We applied the principles of this two-phase querying strategy (i.e. previews first then refinements) for NASA’s Earth Observing System Data Information System [DPS96] [DPS97]. This strategy is now available as an experimental interface [GTP99] for the Global Change Master Directory (gcmd.nasa.gov) and is the basis for the Global Land Cover Facility interfaces (glcf.umiacs.umd.edu), all part of NASA. This dissertation carries query previews to another more general stage.

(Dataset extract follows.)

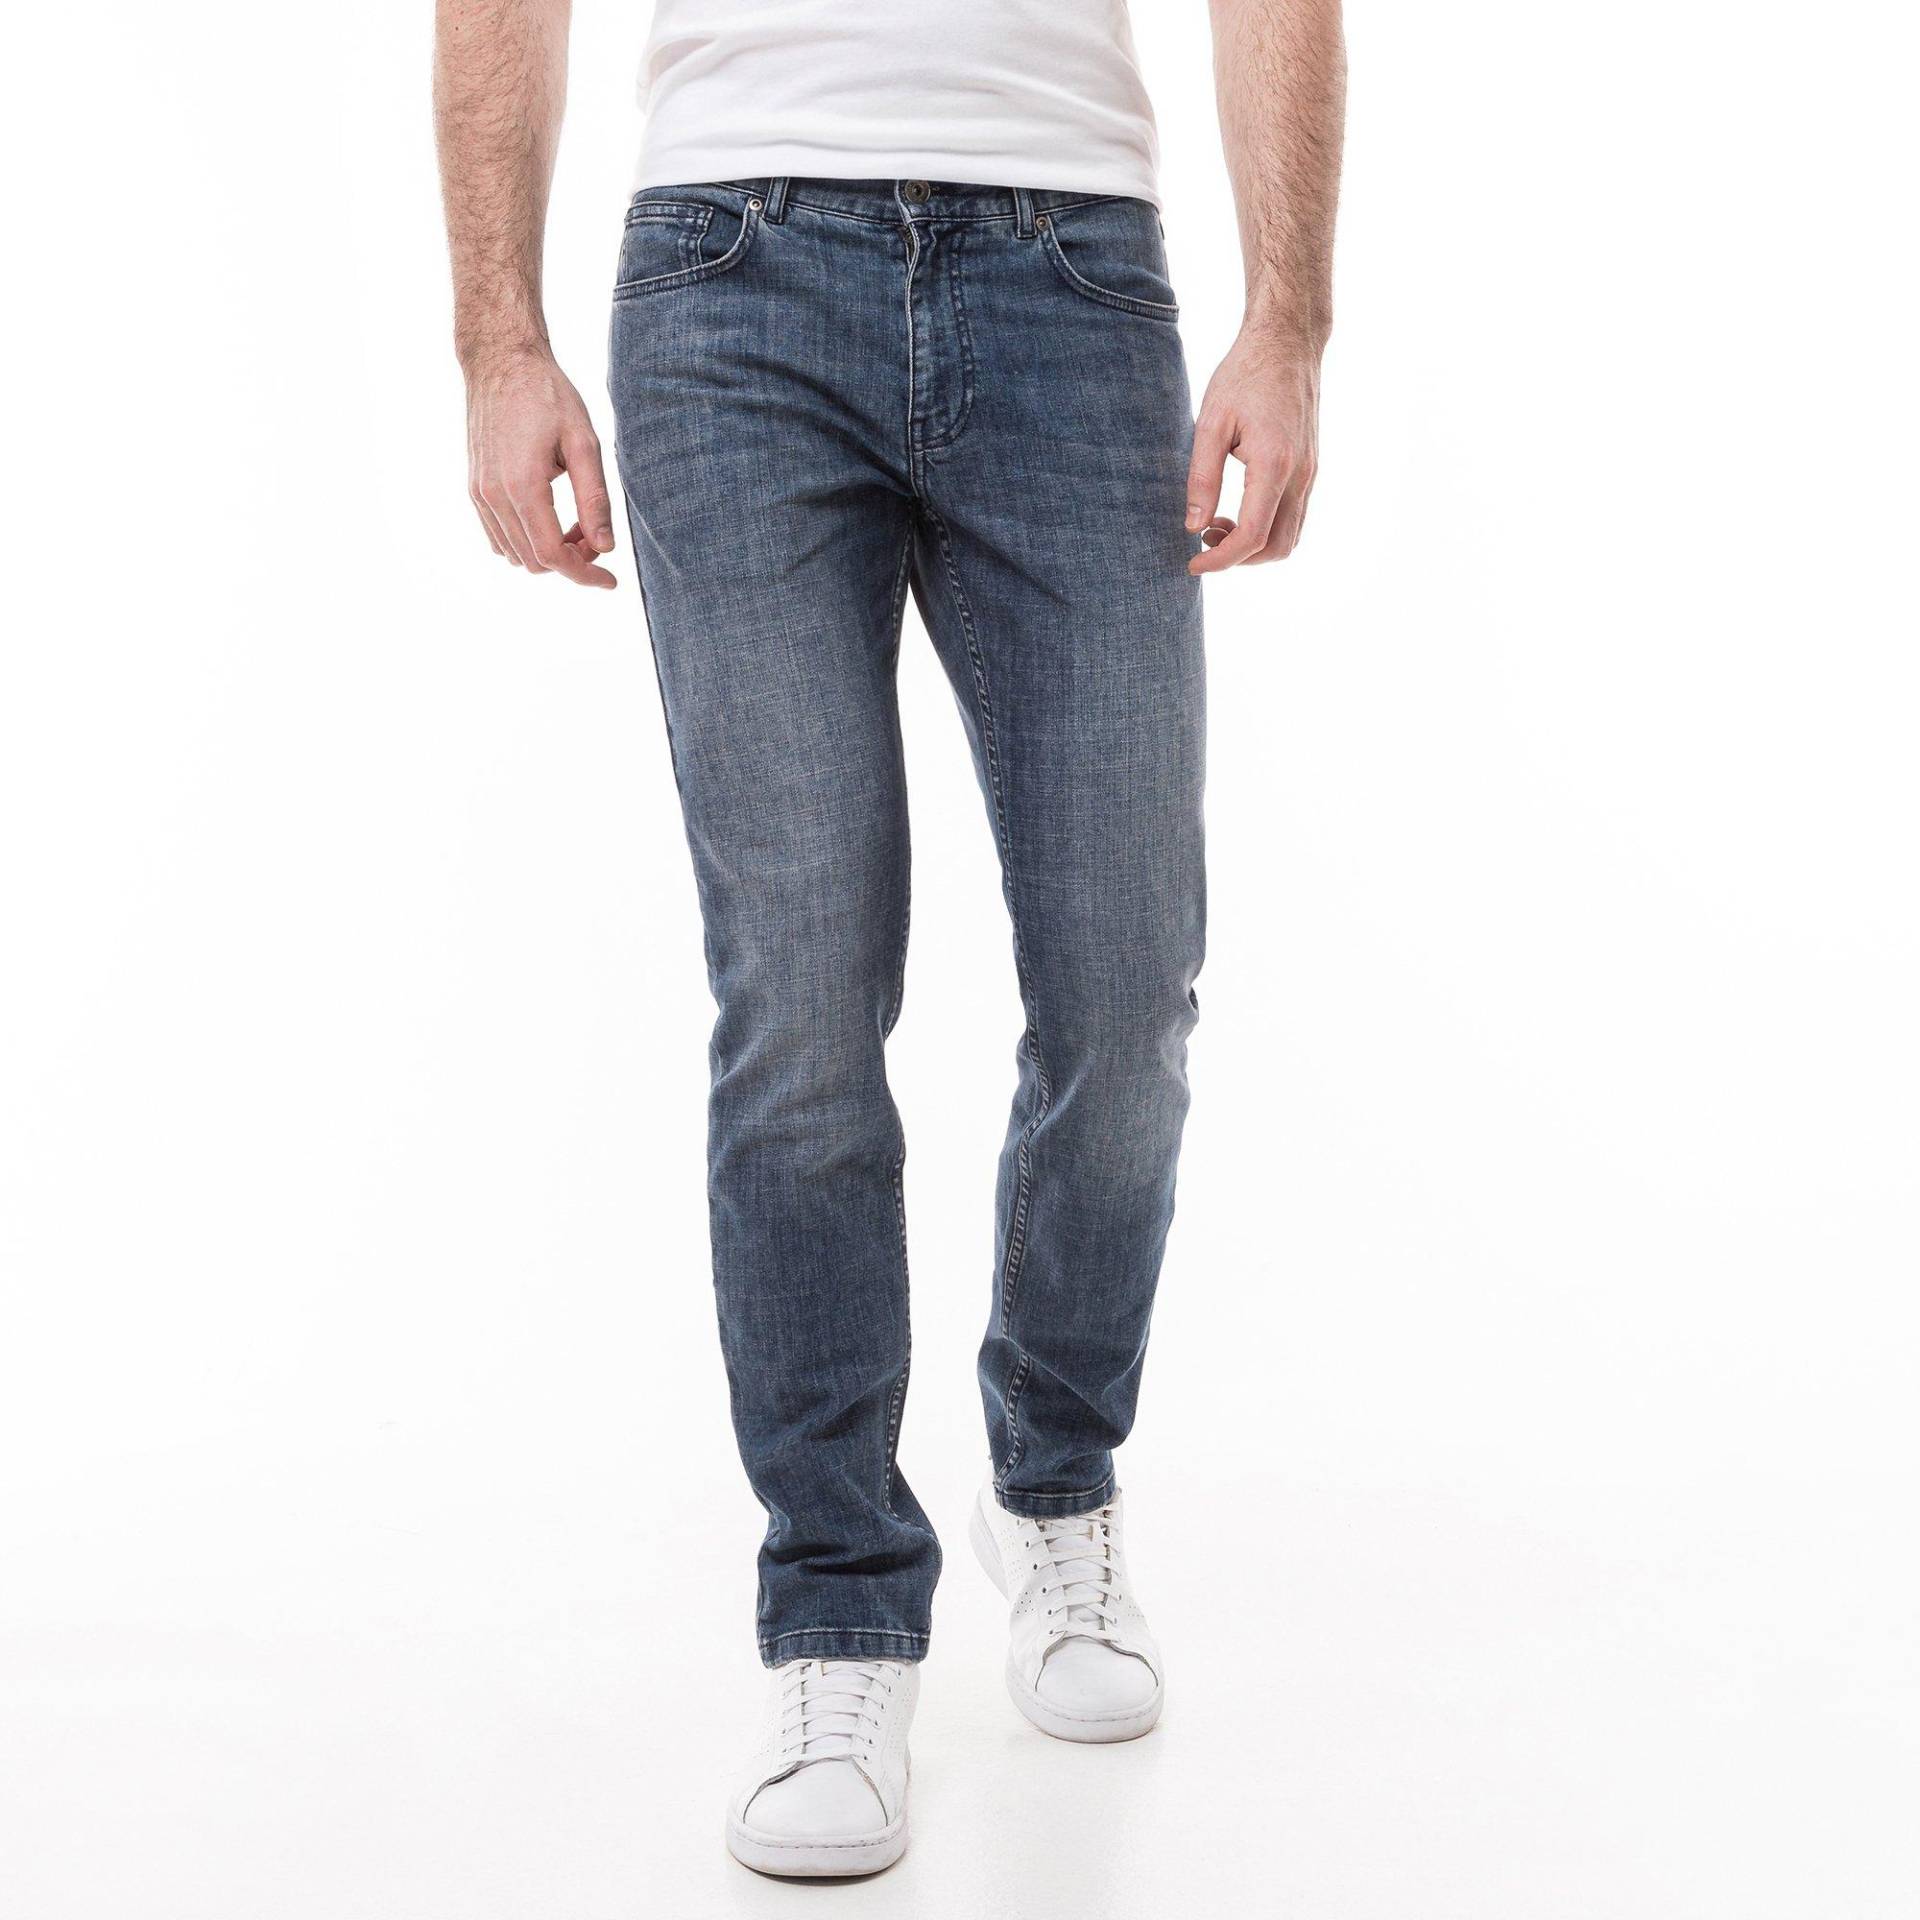 Jeans, Slim Fit Herren Blau Denim L34/W33 von Manor Man

3.2         Two-Phase Querying

For the two-phase approach, the designer first has to choose a few discriminating attributes of the data, usually the most commonly used, for the initial phase. This is the query preview phase.  The other attributes are kept for the second phase that will include all of the attributes of the data for further querying. When the querying environment is activated the query preview appears first. Users make some decisions on this first interface and then move to the second one, the refinement phase, to complete the query. The first phase is used to prune irrelevant data while preventing the user from submitting zero-hit and mega-hit queries. The second phase, the refinement, can be implemented as a dynamic query interface to help users finish their querying sessions by guiding them in further refining their query definitions.

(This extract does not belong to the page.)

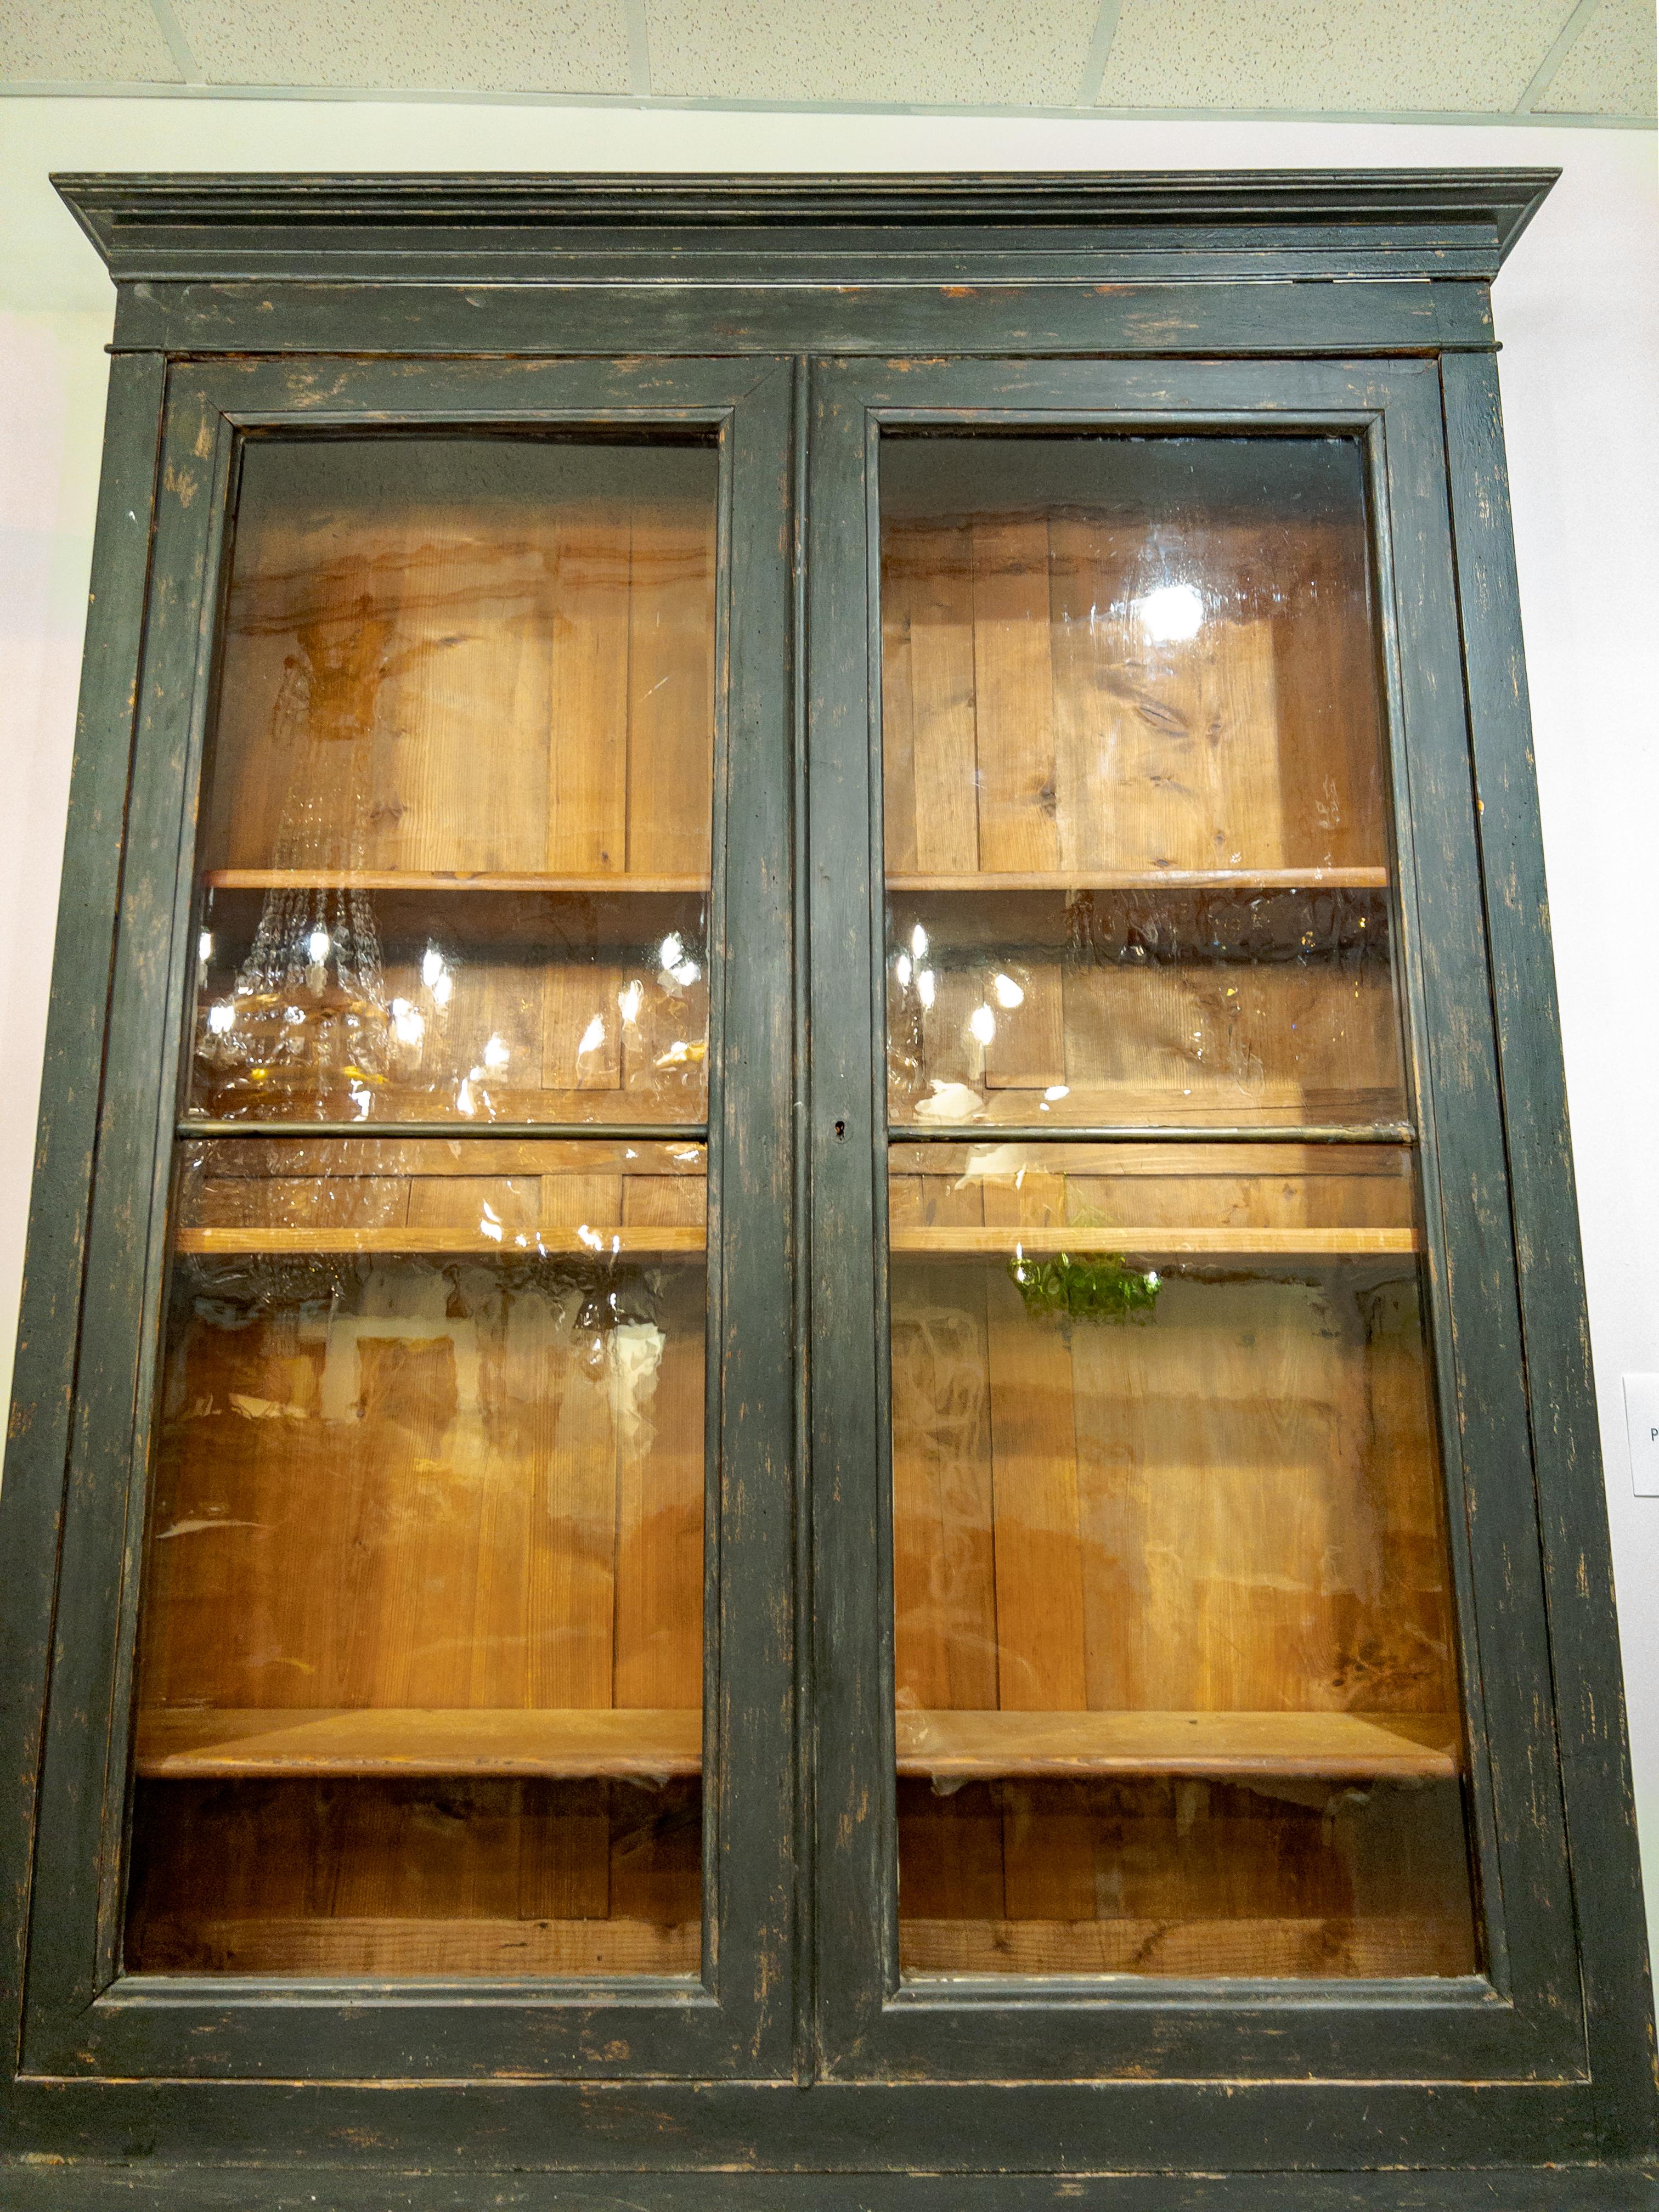 Italienische Bibliothek aus dem 19. Jahrhundert aus bemaltem Holz mit schönen gewellten Glas-/Verglasungstüren und 3 beweglichen Regalen im Inneren. Darunter befinden sich 2 getäfelte Türen mit 1 Einlegeboden, so dass insgesamt 4 Einlegeböden in

3.2.1        Query Previews

Query previews shows the discriminating attributes of the data so that any selection would lead to a smaller subset of the data.  Commonly used attributes of the data are selected to form a query preview. This is essential to address the needs of most of the users. In order to guide users in the query formulation process, query previews provides aggregate information about the data. Distribution of data over different attribute values is shown graphically as bar charts. When users select a value on any of the attributes of the interface, the rest of the interface is updated. Therefore, for each action users take, feedback is given immediately. As users see the potential size of their query result before refining the queries, they are less likely to submit queries that return zero or mega hits. The system load will be reduced if users do not waste their time with zero-hit queries or consume network resources in downloading useless results.

While dynamic queries requires attribute values of every record of the data to be downloaded, query previews only needs aggregate information about the data. So whatever the data size, only the distribution information of the data is needed to form a query preview interface. However, this may have a disadvantage. Only the buckets of data distributions will be available to the users, but not the details of a single item. The details of the data can become visible only in the second phase.

Figures 3.1 and 3.2 show a query preview interface formed using the three most commonly used attributes of the Global Change Master Directory of NASA (topic, year, and area). The distribution of data over these attributes is shown with bar charts and the result set size is displayed in the result bar at the bottom.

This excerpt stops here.